I would
much rather believe that this excruciating pain is punishment from God for my
transgressions and that it has the effect of purifying my soul, thus washing
the karmic slate clean. Otherwise, I am to accept the pain simply as it is and
with no “productive benefit.” The medieval belief that one’s suffering purified
one’s soul and thus brought one closer to God and to Heaven helped to maintain
the status quo of the innumerable slaves of the masters who were consequently
accepting of their lot in life. The fat priests did their job of making sure the
populace were willing to keep their backs bent and their untold suffering
between them and the Lord, who was a great listener and who was waiting in
Heaven for them when they finally loosed the crushing yoke of their meager
lives. But they held their suffering and loss in this context and thus we able
to live good, even happy lives, even as they were being crushed. I only wish
that I could hold and believe that my profound physical pain held meaning and
purpose for me, that it was purifying my soul at the expense of my body. Does
this severe, crippling pain act on behalf of something sublime? Does it bring
me a certain understanding? Obviously it does—in one way in particular: it
severs my identity with my physical body, thus enabling me to be quite willing
to let go, to even look forward to it, when the times comes to pass beyond it.

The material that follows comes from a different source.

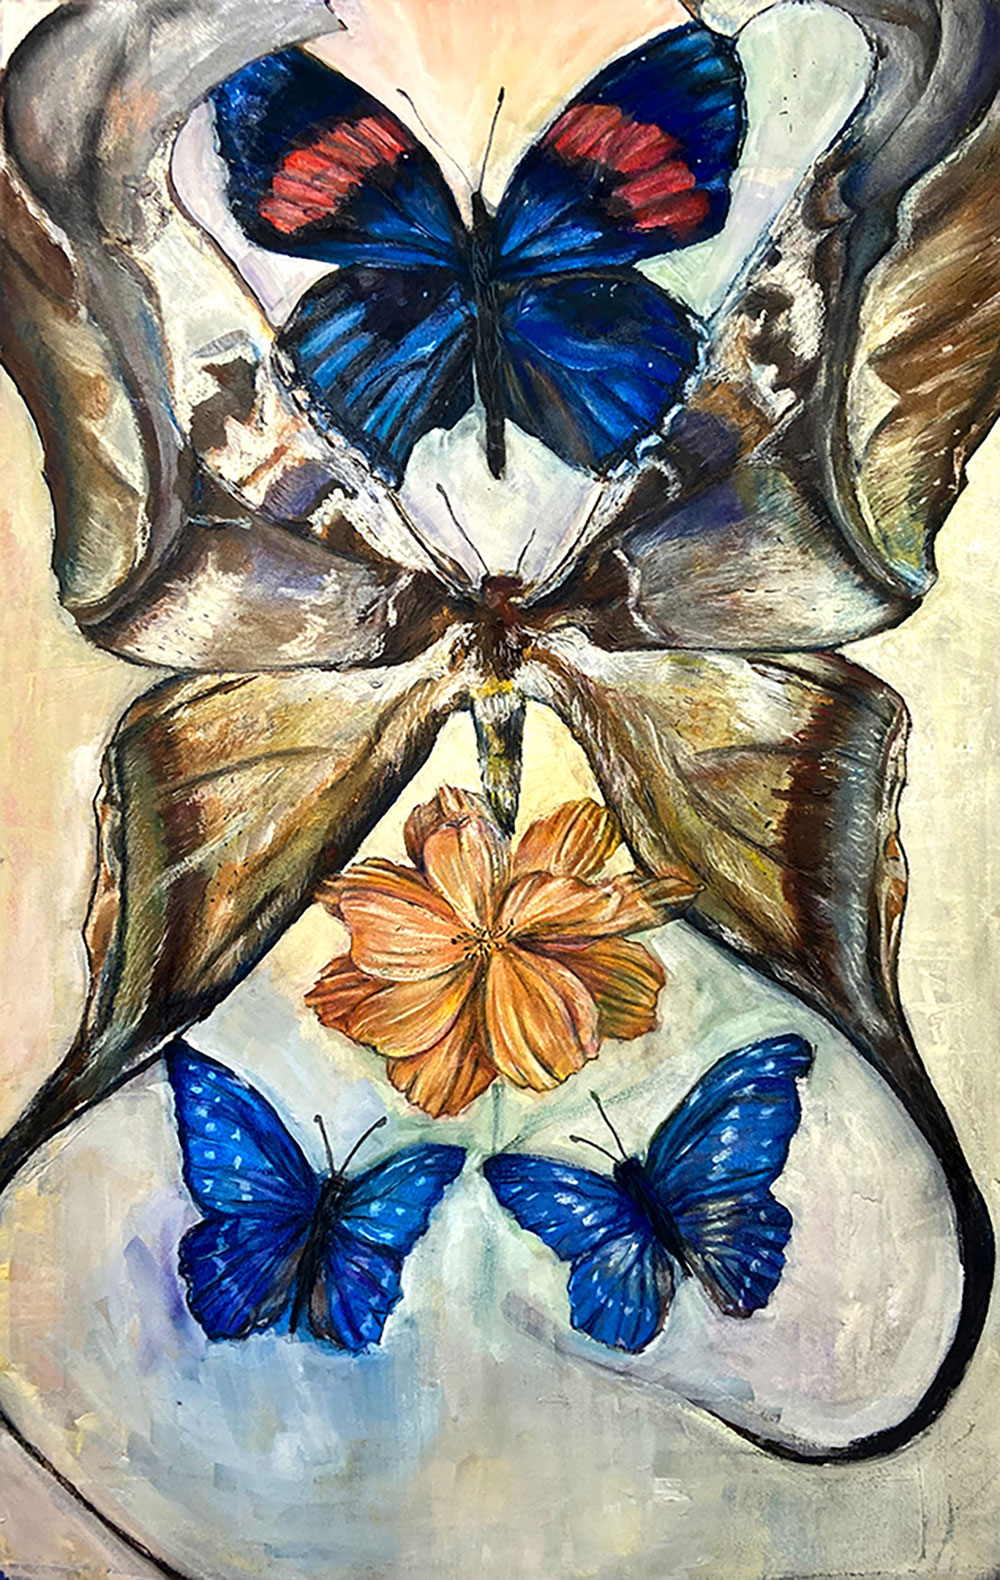 A drawing of several colorful butterflies

This is one major benefit, for such physical pain puts one in a quite different
state of mind and being than the normal bodily state. And I suppose that this
being moved, almost against one’s bodily will, into a different, more “spiritual”
state of mind and being, is another way of explaining the benefit of such. To
be able to consciously disidentify with the physical life to a life beyond
that, more sublime, as it were, than that is a blessing, for the physical life
is inherently transitional and temporary, if not short and brutal (Hobbes?). To
disidentify with it enables one to make the transitional out of it so much
easier, and then to whatever follows so much easier as well. To be in the “proper
reality” is like being able to speak the local language and thus communicate
and relate oneself within it. To be able to speak the language of Heaven
enables one to belong in it.
Of course, I speak too metaphorically,
not literally, though some, perhaps many, would take all this quite literally.

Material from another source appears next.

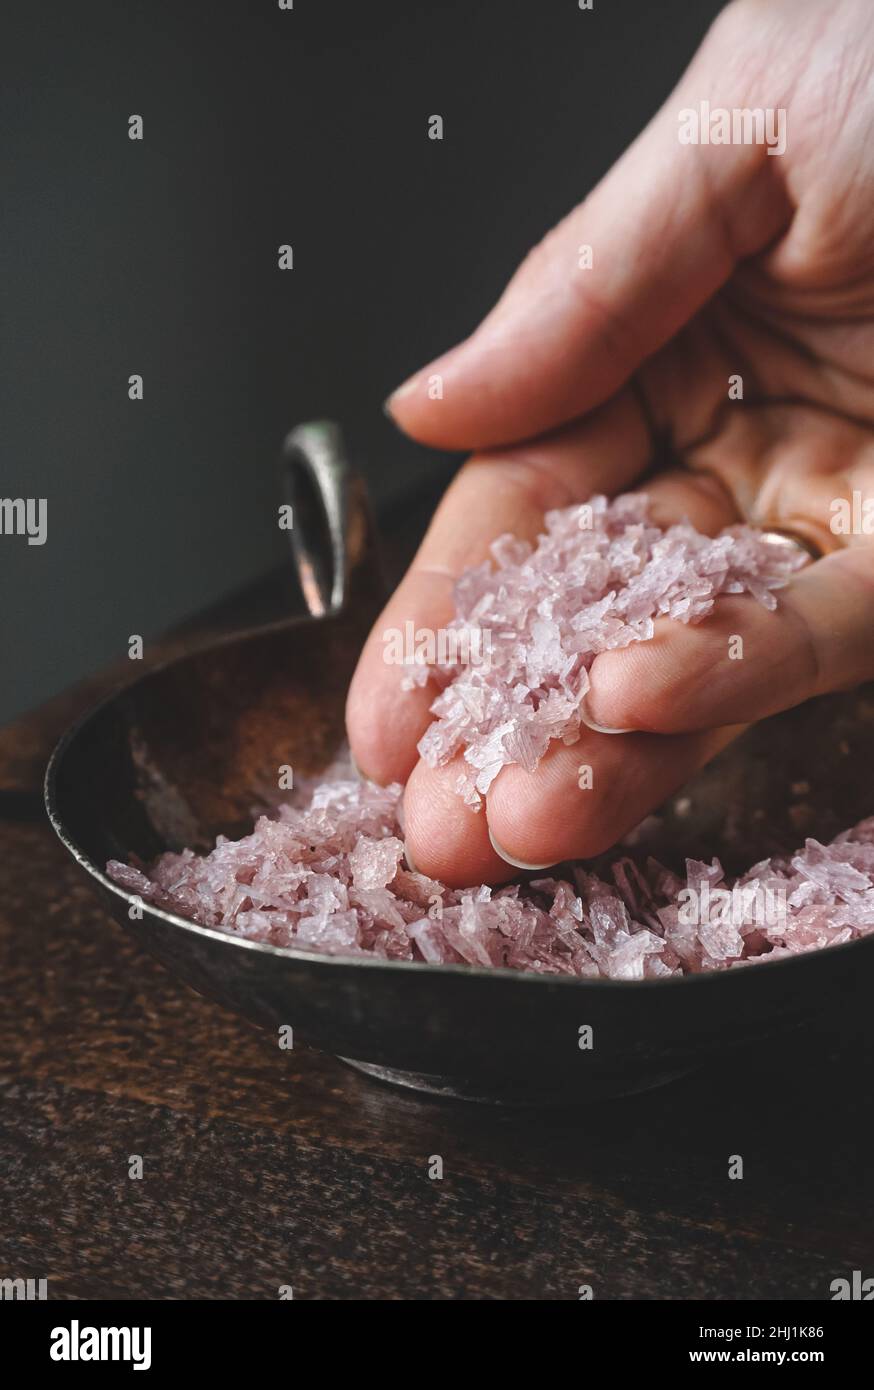 Flakes of pink wine salt in a woman's hands Stock Photo

I do wish it were as literal and as simple as the stories I have been told,
that the Loving Father will reach down and pick me, his child, up in his arms,
for we all know that he is a great giant and that we are as small dolls in his
hands, or perhaps even as grains of sand in his hand, though I knew a woman,
Roxanne, who suffered in Alaskan Outback as a child and had to beg for food at
the Salvation Army and various churches where she had to sing for her supper.
She had to sing, He’s Got the Whole World
in His Hands, but she knew she had fallen through between his great
gigantic fingers. Her younger brother, whom she took care of, stranded in a
cabin in the deep snow, where they almost starved to death, came to my
hometown, dressed himself as a clown, and went through the town putting a
nickel in the parking meters that had run out of time, thus saving the owners
of the cars from the impending parking ticket. He was soon arrested and jailed
for this act of kindness. I don’t know what became of him or of his sister, who
was a waitress and a poet of profound depth and beauty. Certain things, certain
people, certain stories stick with me, in my soul, in my heart, in my mind, and
become a part of me. Love demands this; love of our fellow human beings, who
are not only as ourselves but are ourselves.

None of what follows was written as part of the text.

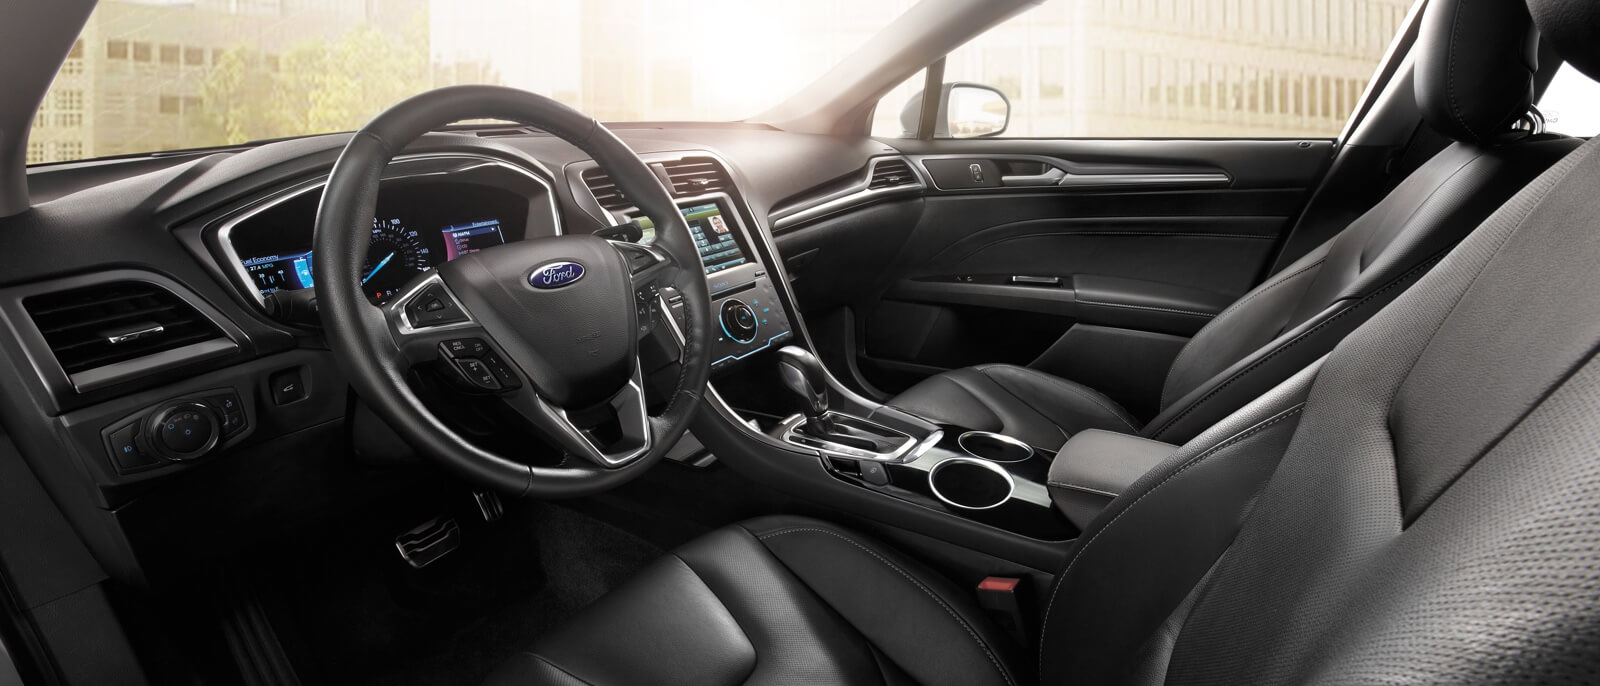 Ford Fusion Hybrid Model Info | River View Ford Oswego, IL

So I seem to have answered my own
question as to what may be the benefits of this most severe pain in my body. It
may be that pain opens the heart so that the pain of others may be enabled to
flow into our own heart, that we may be able to see that there is not “your
heart” and “my heart,” but, in truth, only our
heart. When I finally had to accept that my daughter had “severe and
profound” autism and that she would be and she would be, the walls around my
own heart crumbled and I felt myself to be the father of every single disabled
child in the world. One’s heart does not usually open willingly but its walls
are destroyed by the missiles of whatever life itself brings. And so, I prefer
to believe that the gods themselves send those missiles to open us up to all
life and expand us to include all life, which, I believe, is necessarily a most
painful process since all that we have come to believe to be ourselves is
absolutely destroyed. And in our devastation, we are shattered, but learn how
to rebuild ourselves with the pieces we choose
to pick up and put together in a better way until the next time. So I find that
I am able to have this pain that is so in my body speak for itself here. I had
no idea that this would happen, though I was guided by that same pain to come
to my desk here, sit down, and write these words. In this respect, my pain has
direction and it leads me. I could speak of pleasure and that I have had a life
of profound pleasure. But pleasure wants more pleasure. Pain, I do not think,
seeks more pain, rather, pain seeks to express itself and tell us another kind
of truth about ourselves and our existence. I would like to say that in this
expression of pain through me, through this mind and these fingers, the pain in
my body has diminished. It has; I am less pained in this moment, in body and
mind and feeling. If only it were so easy as that. But time will tell.